Chronic Illness, Disability and a Question about Dispensation of Vows

[[Dear Sister,  I understand you have written that disabled hermits should seek dispensation from their vows. Why should hermits stop being hermits because the suffering gets bad? Someone blogged you said this recently so I am wondering where you get off doing that!]]

Despite the misrepresentation, I have certainly never written such a thing. Nor would I. Not only do I live with  chronic illness/disability, but I am also perpetually professed as a canonical hermit who values her profession and the witness illness/disability can lead to through the grace of God. More, one of the things I have written and published articles on in journals like Review For Religious, is chronic illness and disability as vocation --- and in fact, as a potential eremitical vocation! This blog has a number of posts on eremitism and chronic illness/disability including those that point out hermits' vows are not dispensed should they become ill or disabled after perpetual profession and positing the charity and justice of such a practice. That said, I did write a couple of posts recently which referred to chronic illness and eremitical life; one of these discussed the option of dispensation, but not because of disability or illness per se! Instead, I wrote about the obligation a hermit has, no matter their disability or suffering, to witness to eremitical life in a healthy way and as a healthy form of life --- not just generally, but for the hermit him/herself. The question at issue was and is not disability or illness, but the capacity of one to witness to a transcendent, and even more compelling or foundational health in Christ.

What I said there (cf below) was that if, because of illness or disability (and other things as well), one could no longer live or witness to the eremitical life in a healthy way -- and that means a way which edifies --- if folks got the sense that this vocation was unhealthy for one or the hermit was giving others the sense it was itself an unhealthy way of life generally, then one would might well need to consider getting their vows dispensed. A diocese would certainly need to do this in such circumstances. You see, in the main I was speaking of public vocations where responsibility for the vocation also belongs canonically to the Church, but those who have private vows (or none at all!) need also to consider the witness value of their lives. God does not call us to vocations that are unhealthy for us; he calls us to abundant life despite and even through our chronic illness and disability. Should one's vocational path fail to witness to this for some reason or other --- and should there be no evidence of rehabilitating or remediating the situation to change matters -- then it is time to consider seeking or accepting  a superior's decision to seek dispensation of one's vows.

Here is the final paragraph of the piece (the entire article can be found at: Chronic Illness as Special Challenge). I would strongly urge you to read the entire thing for yourself -- and that when you write me, you speak on the basis of what you know yourself. I would sincerely appreciate that.

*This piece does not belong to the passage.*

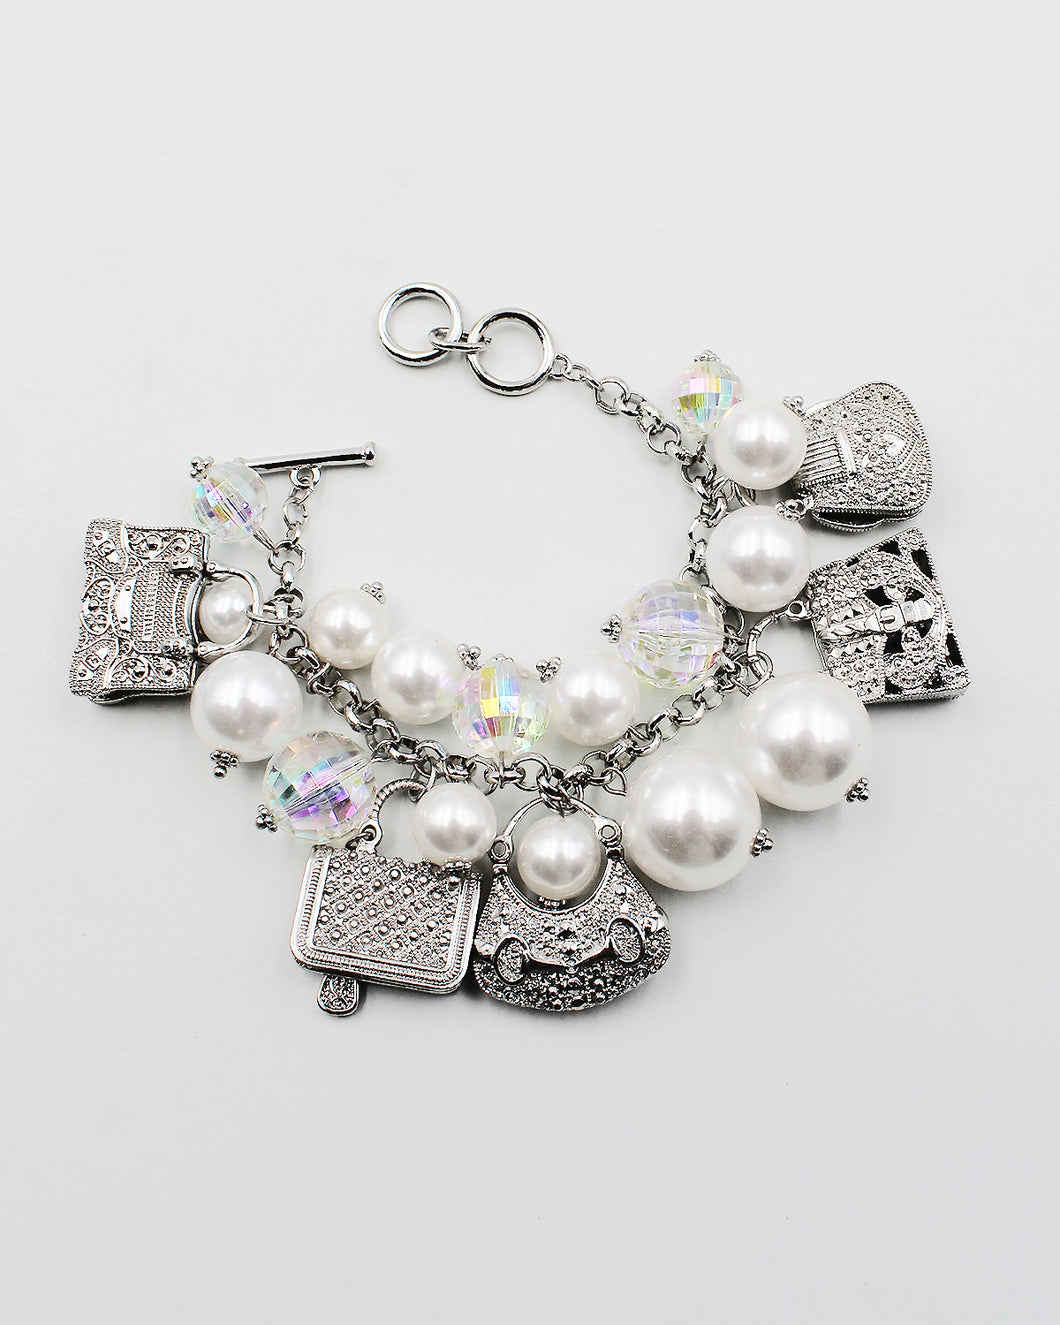 'Fashion Purse' Charm Bracelet with Pearl Beads

[[Public profession will commit one to witnessing to eremitical life as a way to a fruitful, healthy life which sings of God's grace and strikes others as being happy. Should health demands or other life circumstances move the hermit away from being able to witness in this way in spite of the suffering involved the hermit may be required to consider seeking or accepting a dispensation of her vows. Still, while the vows are binding a person may well be bound to the elements of canon 603 and eremitical life others do not "get". It is important to be clear these vows are made freely and can, if necessary, be dispensed if the calling is no longer truly healthy for one. Meanwhile, if one's embrace of eremitical solitude is a matter of an entirely private commitment (private vows), one is always obligated to keep the superseding values of their public baptismal state. Such private vows will not, generally speaking, include any commitment to eremitical life per se nor any obligation to live under an eremitical Rule, and they may well reflect an inadequate discernment process in any case. A private commitment to eremitical life may well need to be left behind if the life proves unhealthy for the person whether or not private vows of the evangelical counsels also need to be dispensed --- something easily done by one's pastor, in every case.]]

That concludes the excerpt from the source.